[[ Given information open ]]

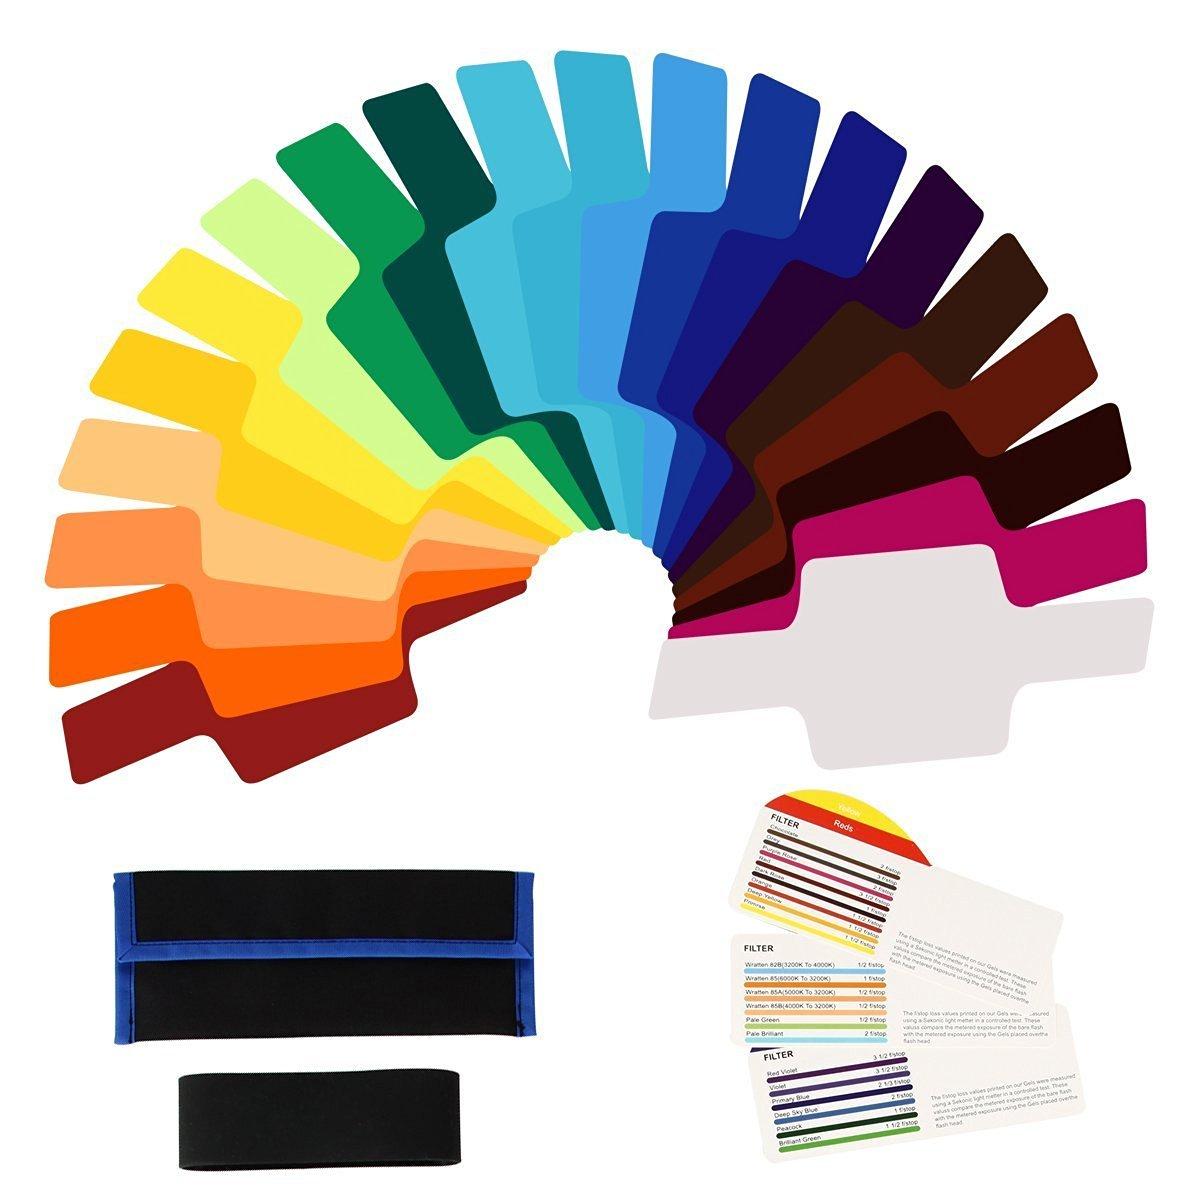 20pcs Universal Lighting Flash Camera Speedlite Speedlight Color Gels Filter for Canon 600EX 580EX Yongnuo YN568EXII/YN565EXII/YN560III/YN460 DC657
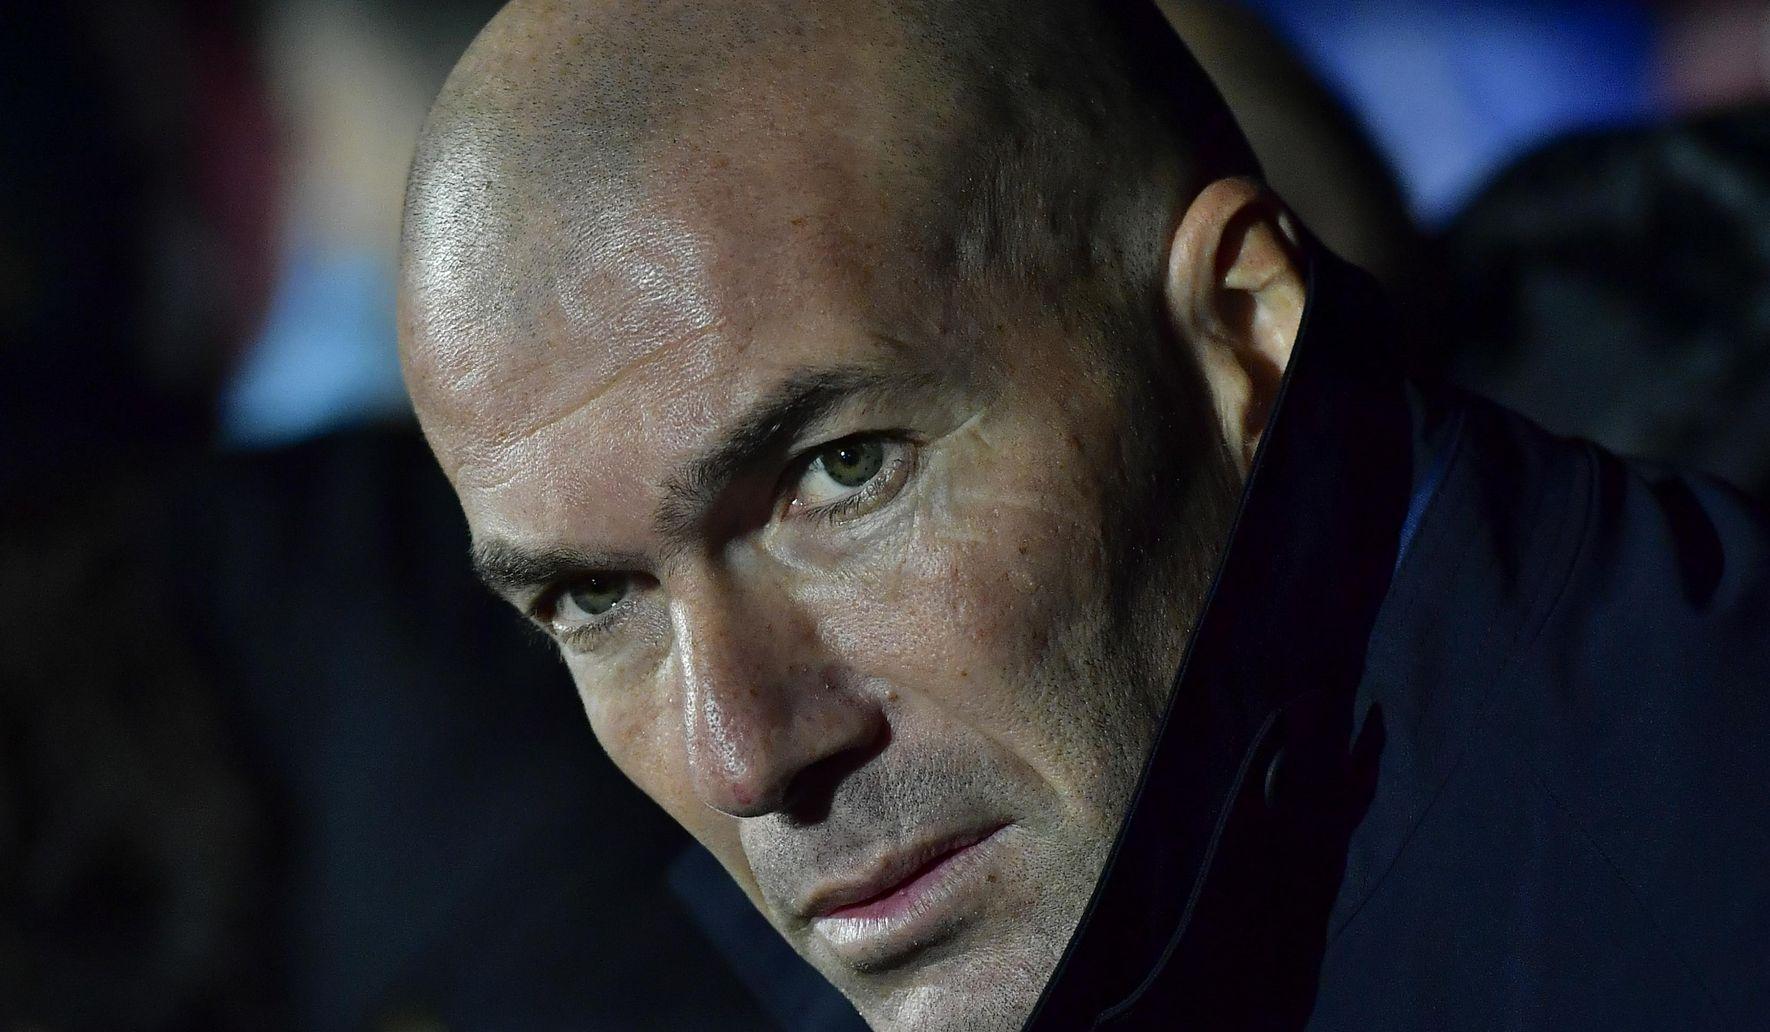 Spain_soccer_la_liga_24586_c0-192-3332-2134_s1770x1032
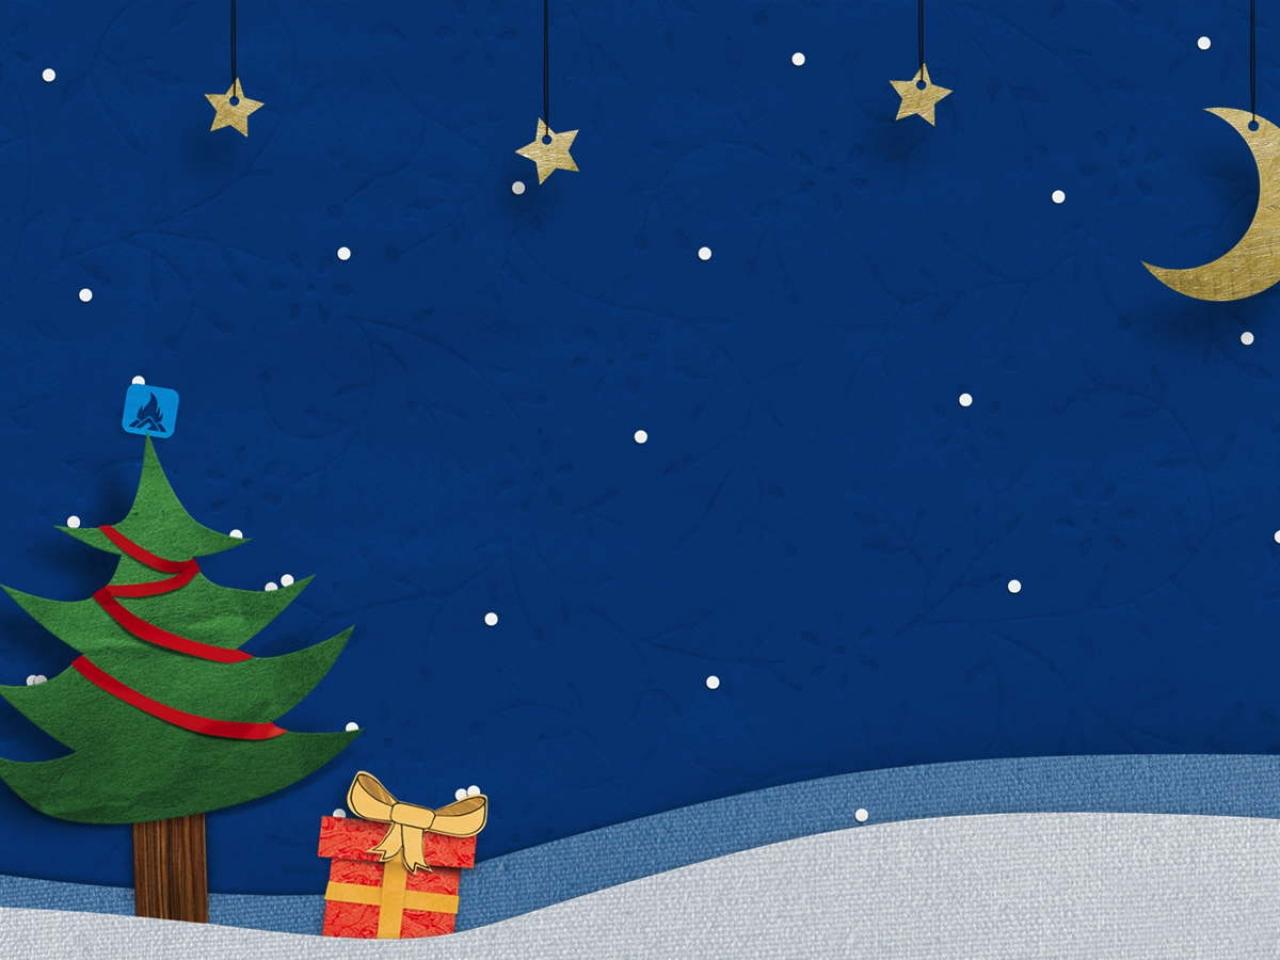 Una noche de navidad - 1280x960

[[ Given information closed ]]

■ **Task**
Print the data word for word and omit the pictures.

■ **Written answer**
 20pcs Universal Lighting Flash Camera Speedlite Speedlight Color Gels Filter for Canon 600EX 580EX Yongnuo YN568EXII/YN565EXII/YN560III/YN460 DC657
 Spain_soccer_la_liga_24586_c0-192-3332-2134_s1770x1032
 Una noche de navidad - 1280x960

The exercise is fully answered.